Your assignment>
Print the whole listing, unchanged.

-------- Exercise inputs

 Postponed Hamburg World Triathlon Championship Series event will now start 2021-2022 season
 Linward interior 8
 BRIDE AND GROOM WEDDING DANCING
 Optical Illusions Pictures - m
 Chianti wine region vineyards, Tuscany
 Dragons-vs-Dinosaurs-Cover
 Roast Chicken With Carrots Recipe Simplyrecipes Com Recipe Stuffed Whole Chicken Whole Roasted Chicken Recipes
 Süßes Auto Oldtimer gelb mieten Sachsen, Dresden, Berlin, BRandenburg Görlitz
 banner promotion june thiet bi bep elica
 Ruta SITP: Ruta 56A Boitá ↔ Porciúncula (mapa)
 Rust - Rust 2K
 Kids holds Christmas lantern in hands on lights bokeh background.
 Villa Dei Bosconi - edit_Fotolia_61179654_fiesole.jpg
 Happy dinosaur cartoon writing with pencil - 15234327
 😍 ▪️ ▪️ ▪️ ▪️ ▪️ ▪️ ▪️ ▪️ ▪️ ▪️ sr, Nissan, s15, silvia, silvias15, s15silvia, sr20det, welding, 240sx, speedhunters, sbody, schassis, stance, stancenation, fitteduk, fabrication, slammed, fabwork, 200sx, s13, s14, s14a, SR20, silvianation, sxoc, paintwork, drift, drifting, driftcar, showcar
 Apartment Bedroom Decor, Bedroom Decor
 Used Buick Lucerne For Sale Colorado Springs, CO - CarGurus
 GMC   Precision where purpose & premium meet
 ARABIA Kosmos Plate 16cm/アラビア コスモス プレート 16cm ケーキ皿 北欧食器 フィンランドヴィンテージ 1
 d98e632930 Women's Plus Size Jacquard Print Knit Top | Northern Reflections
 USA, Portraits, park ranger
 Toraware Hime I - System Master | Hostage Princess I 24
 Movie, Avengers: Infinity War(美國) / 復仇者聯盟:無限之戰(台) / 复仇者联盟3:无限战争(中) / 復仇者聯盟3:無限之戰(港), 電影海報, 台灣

----------------

Your response>
 Postponed Hamburg World Triathlon Championship Series event will now start 2021-2022 season
 Linward interior 8
 BRIDE AND GROOM WEDDING DANCING
 Optical Illusions Pictures - m
 Chianti wine region vineyards, Tuscany
 Dragons-vs-Dinosaurs-Cover
 Roast Chicken With Carrots Recipe Simplyrecipes Com Recipe Stuffed Whole Chicken Whole Roasted Chicken Recipes
 Süßes Auto Oldtimer gelb mieten Sachsen, Dresden, Berlin, BRandenburg Görlitz
 banner promotion june thiet bi bep elica
 Ruta SITP: Ruta 56A Boitá ↔ Porciúncula (mapa)
 Rust - Rust 2K
 Kids holds Christmas lantern in hands on lights bokeh background.
 Villa Dei Bosconi - edit_Fotolia_61179654_fiesole.jpg
 Happy dinosaur cartoon writing with pencil - 15234327
 😍 ▪️ ▪️ ▪️ ▪️ ▪️ ▪️ ▪️ ▪️ ▪️ ▪️ sr, Nissan, s15, silvia, silvias15, s15silvia, sr20det, welding, 240sx, speedhunters, sbody, schassis, stance, stancenation, fitteduk, fabrication, slammed, fabwork, 200sx, s13, s14, s14a, SR20, silvianation, sxoc, paintwork, drift, drifting, driftcar, showcar
 Apartment Bedroom Decor, Bedroom Decor
 Used Buick Lucerne For Sale Colorado Springs, CO - CarGurus
 GMC   Precision where purpose & premium meet
 ARABIA Kosmos Plate 16cm/アラビア コスモス プレート 16cm ケーキ皿 北欧食器 フィンランドヴィンテージ 1
 d98e632930 Women's Plus Size Jacquard Print Knit Top | Northern Reflections
 USA, Portraits, park ranger
 Toraware Hime I - System Master | Hostage Princess I 24
 Movie, Avengers: Infinity War(美國) / 復仇者聯盟:無限之戰(台) / 复仇者联盟3:无限战争(中) / 復仇者聯盟3:無限之戰(港), 電影海報, 台灣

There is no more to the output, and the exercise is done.